§ Work required:
What you return should be the exact lines from the one with "company-record-access-policy-dashboard-button.png" to the end of the records below, both included, and no pictures.

______________________________

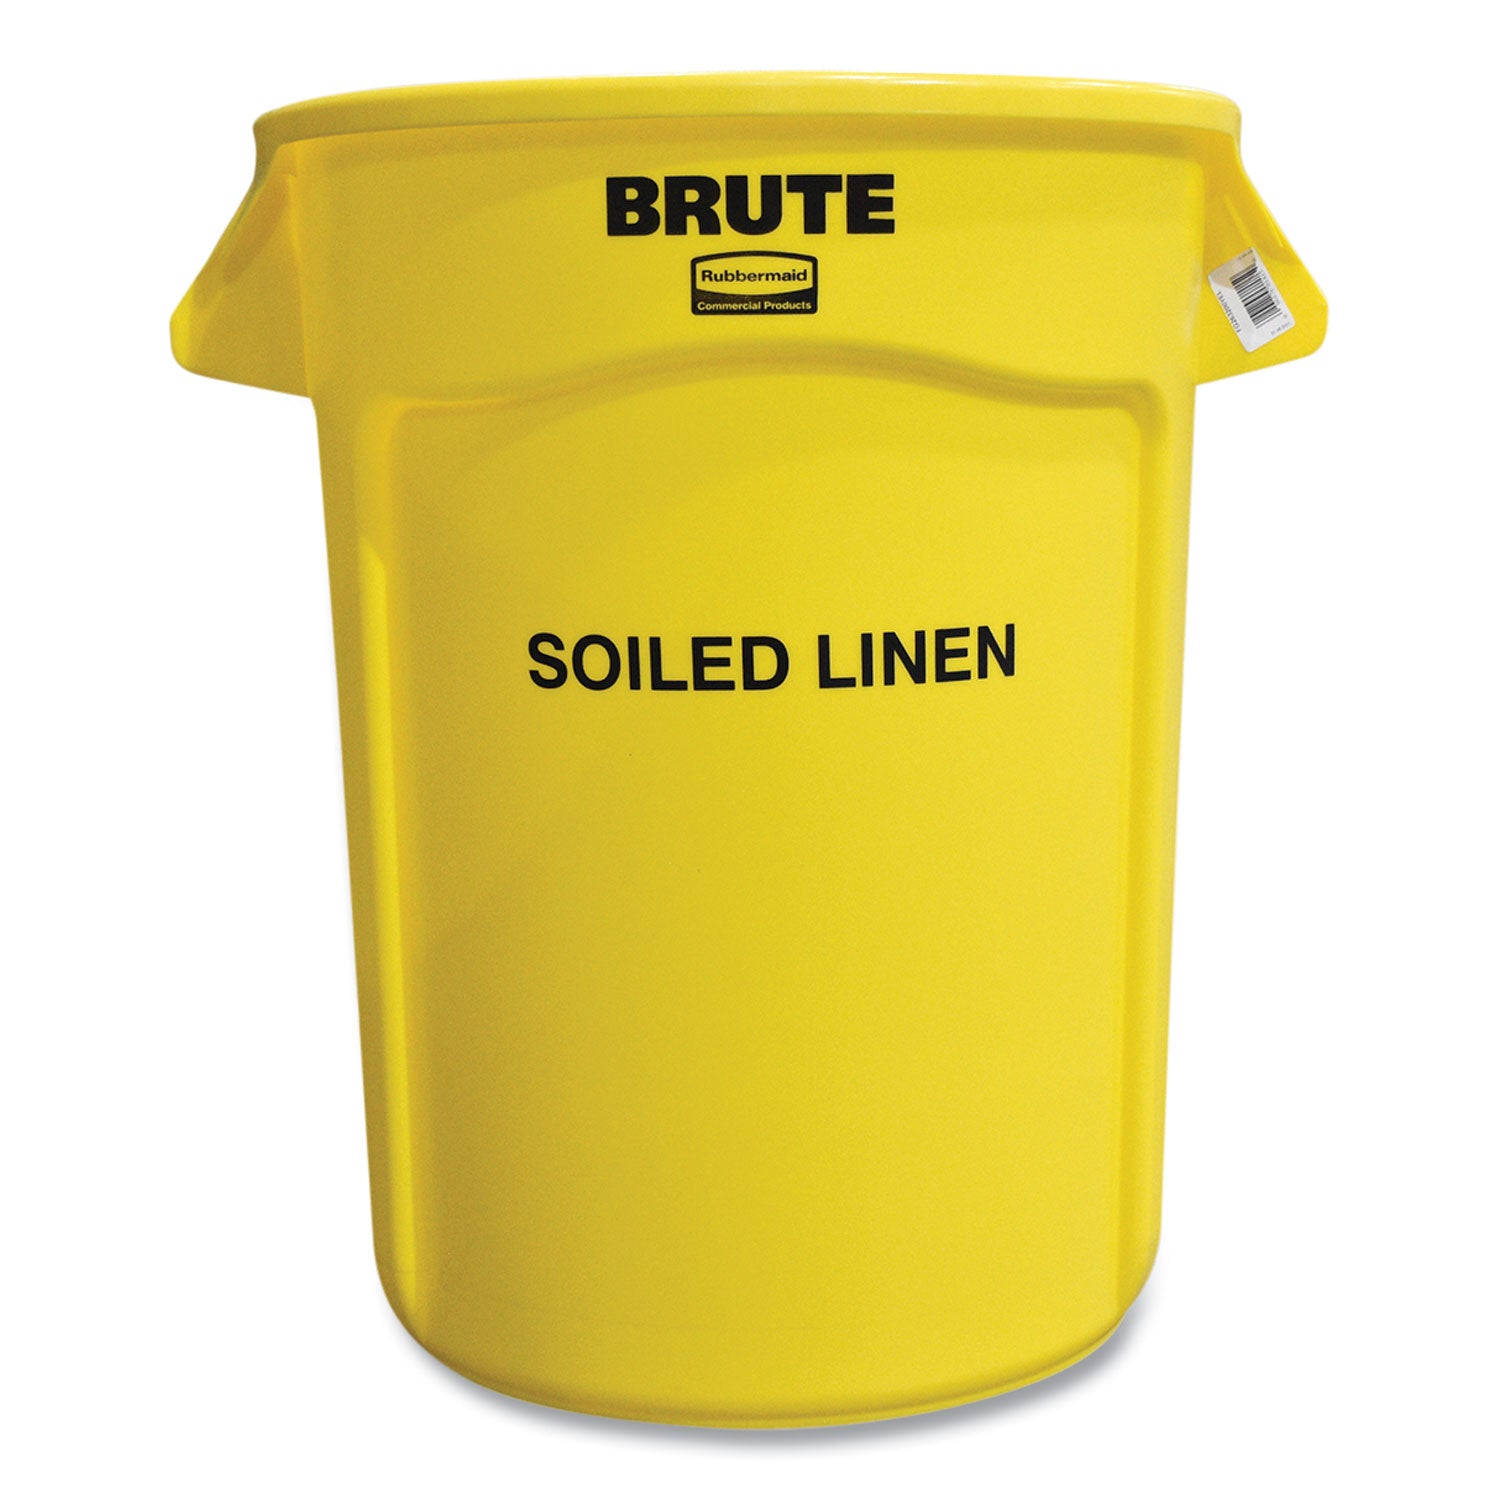 vented-round-brute-container-soiled-linen-imprint-32-gal-plastic-yellow_rcp263294yel - 1
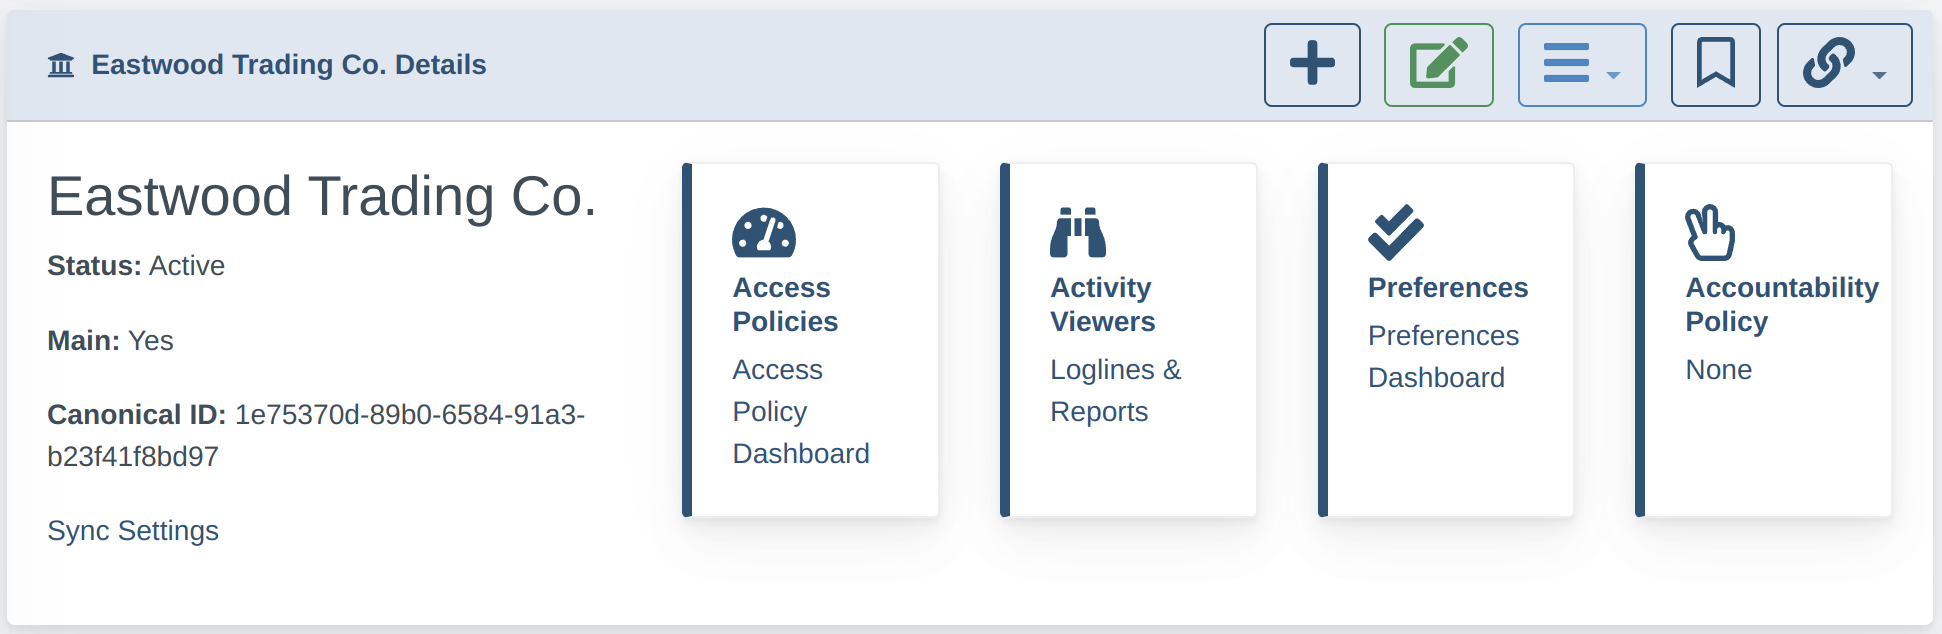 company-record-access-policy-dashboard-button.png
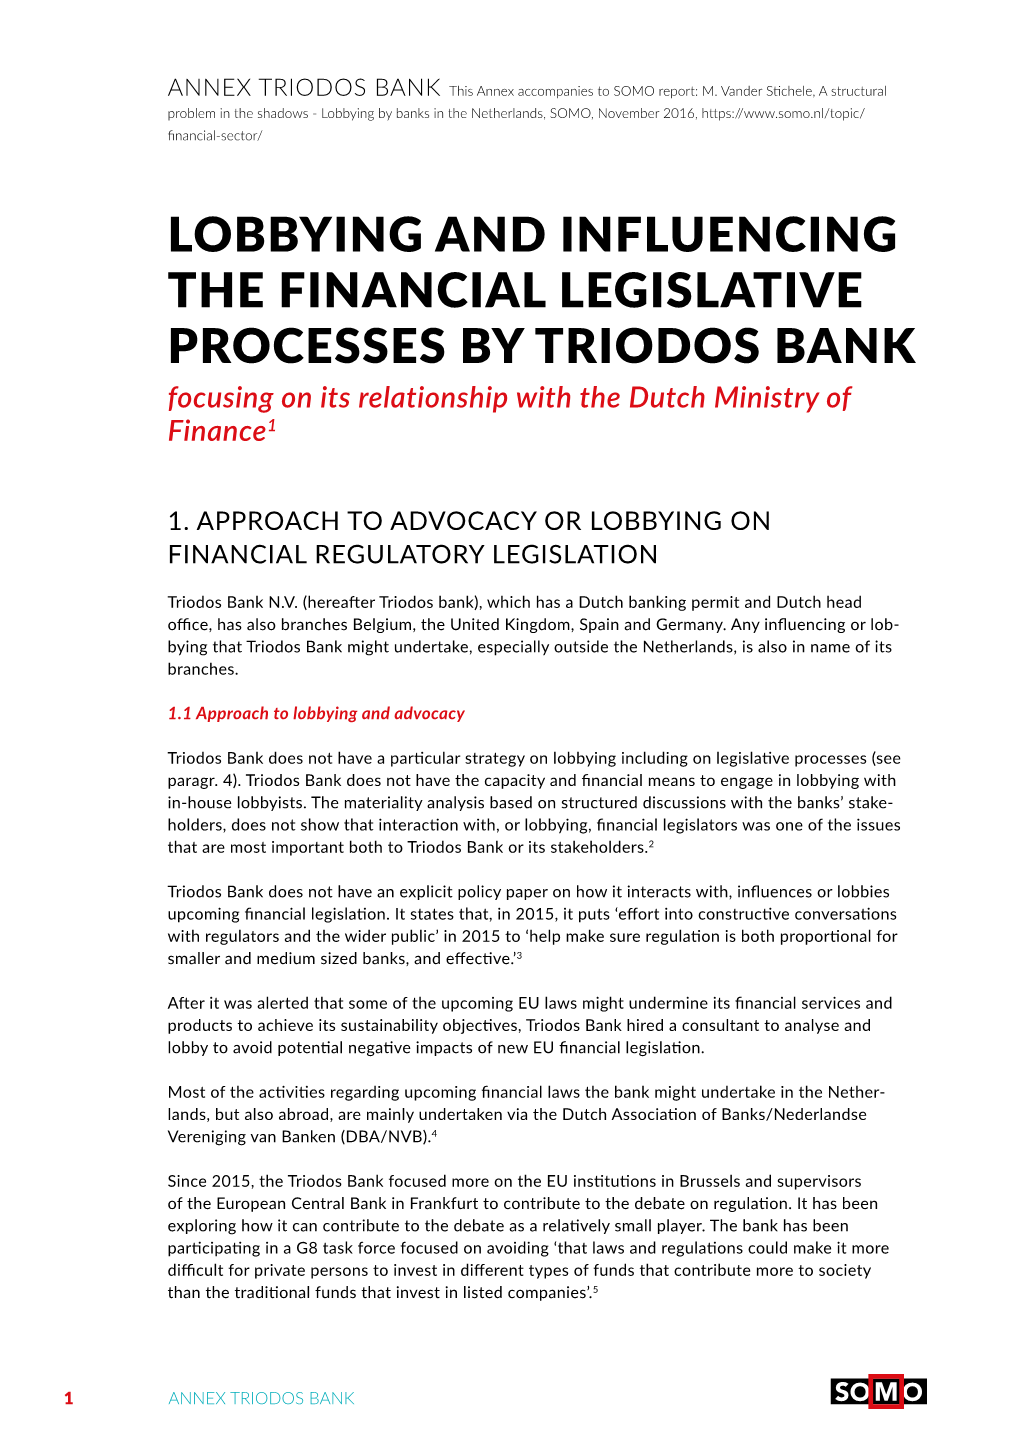 LOBBYING and INFLUENCING the FINANCIAL LEGISLATIVE PROCESSES by TRIODOS BANK Focusing on Its Relationship with the Dutch Ministry of Finance1
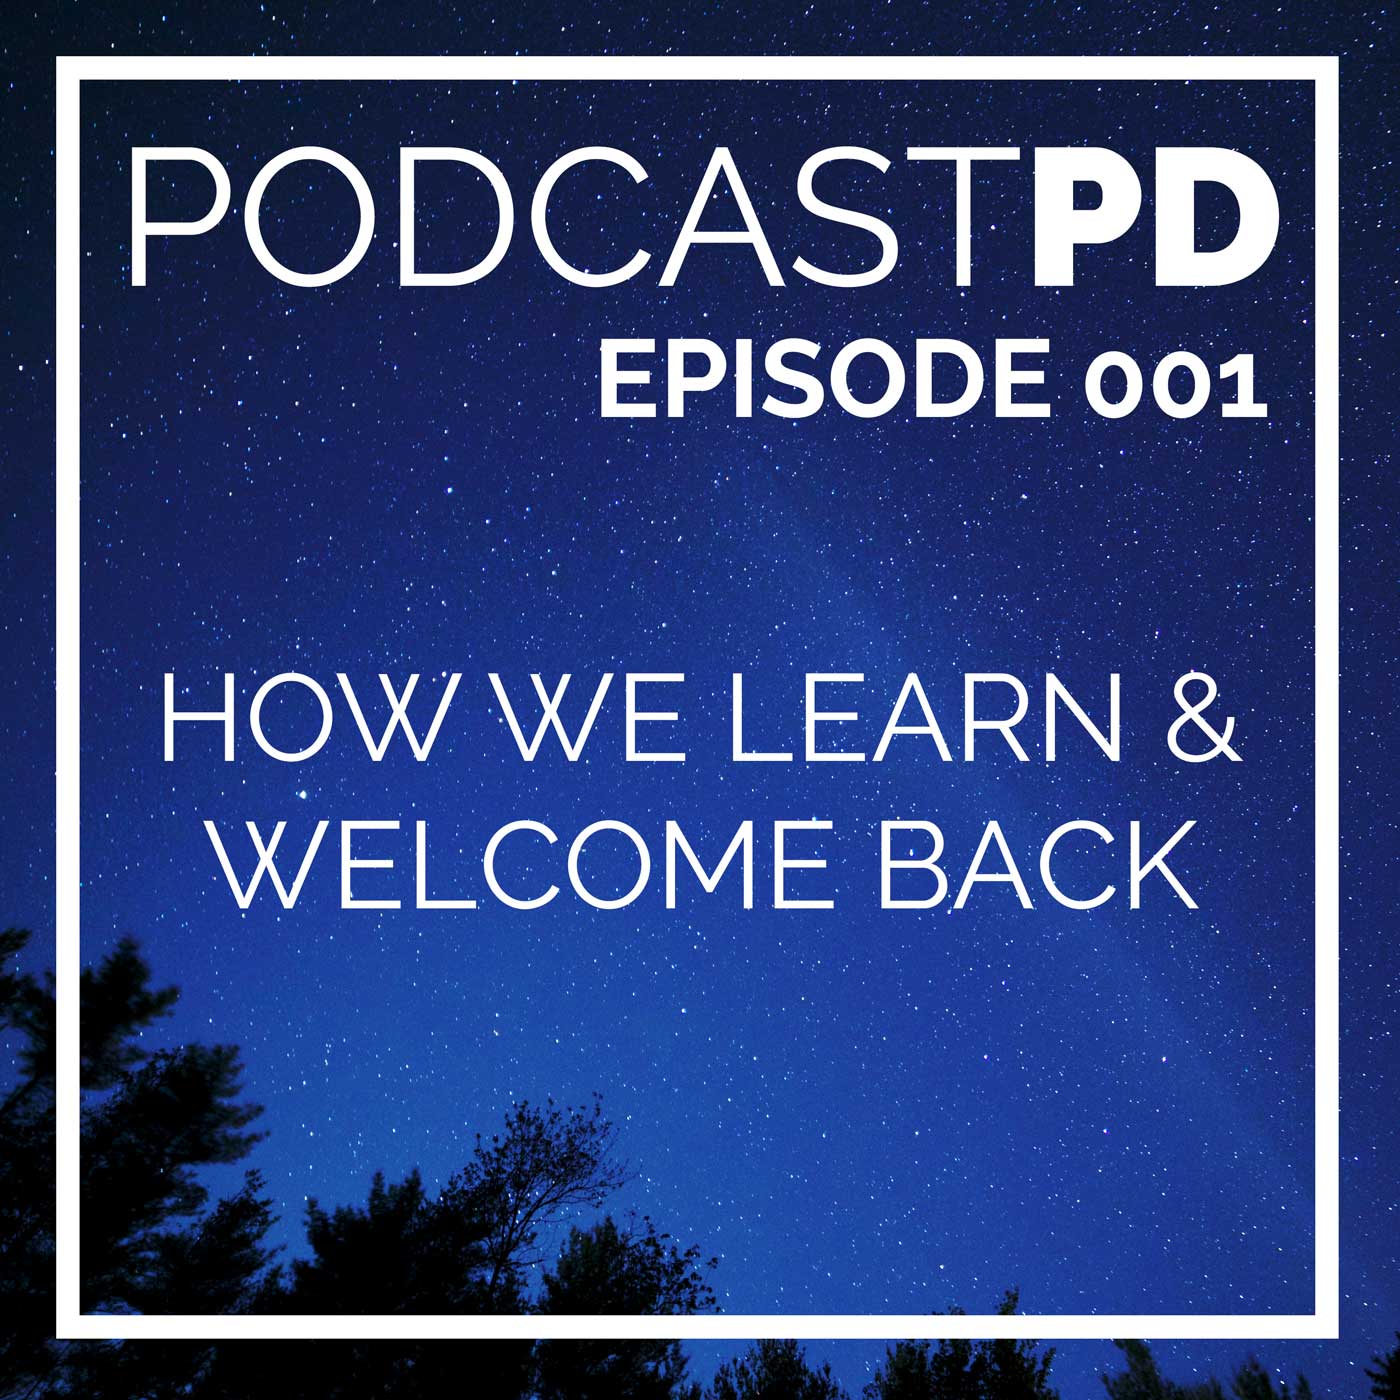 How We Learn & Welcome Back! - PPD001 Image
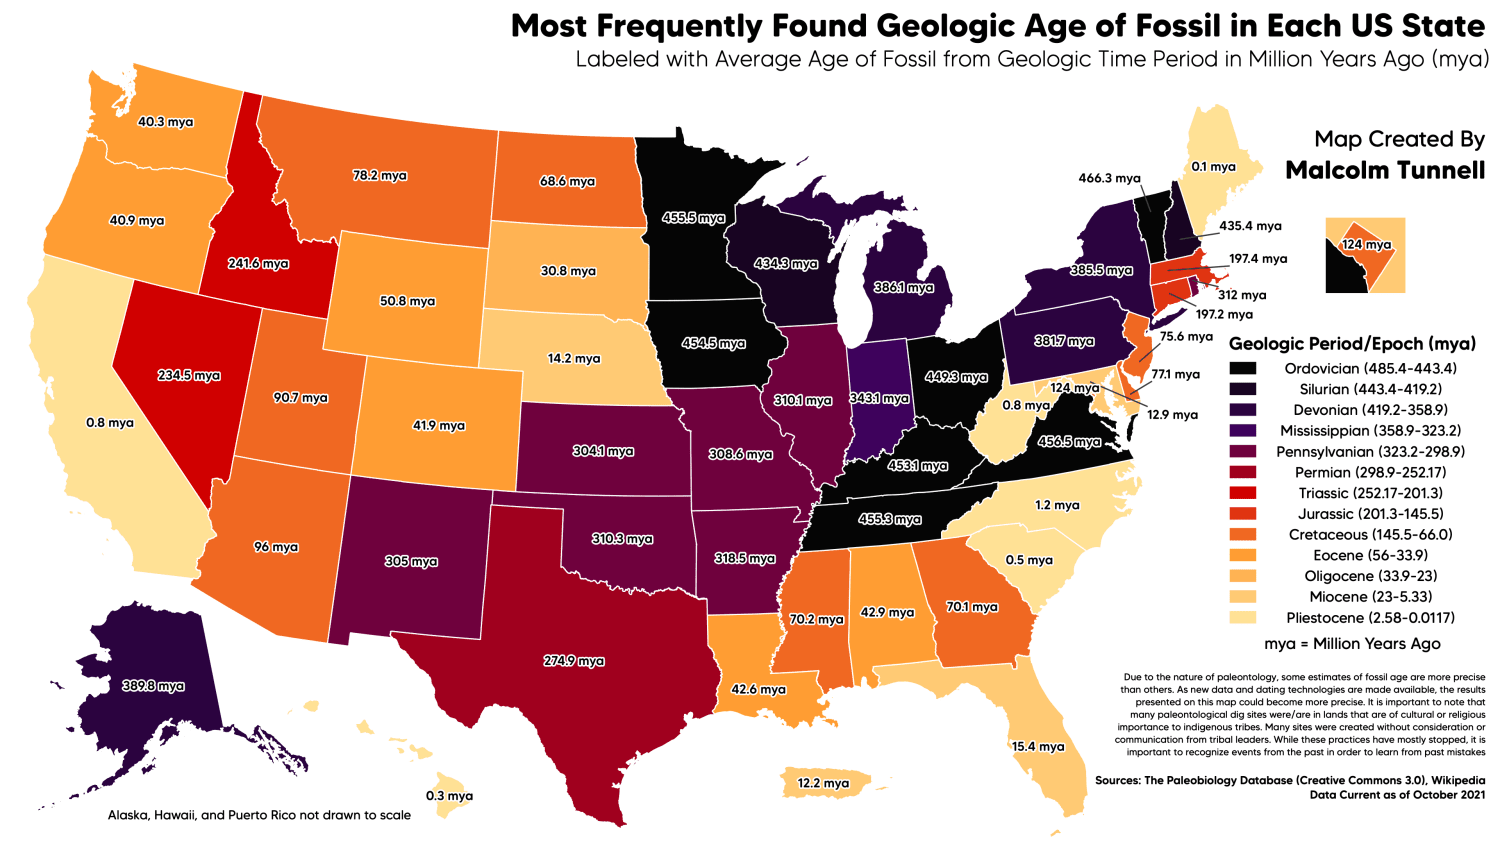 Most Frequently Found Geologic Age of Fossil in Each US State

______________________________

§ Response box:
 company-record-access-policy-dashboard-button.png
 LOBBYING and INFLUENCING the FINANCIAL LEGISLATIVE PROCESSES by TRIODOS BANK Focusing on Its Relationship with the Dutch Ministry of Finance1
 How We Learn & Welcome Back! - PPD001 Image
 Most Frequently Found Geologic Age of Fossil in Each US State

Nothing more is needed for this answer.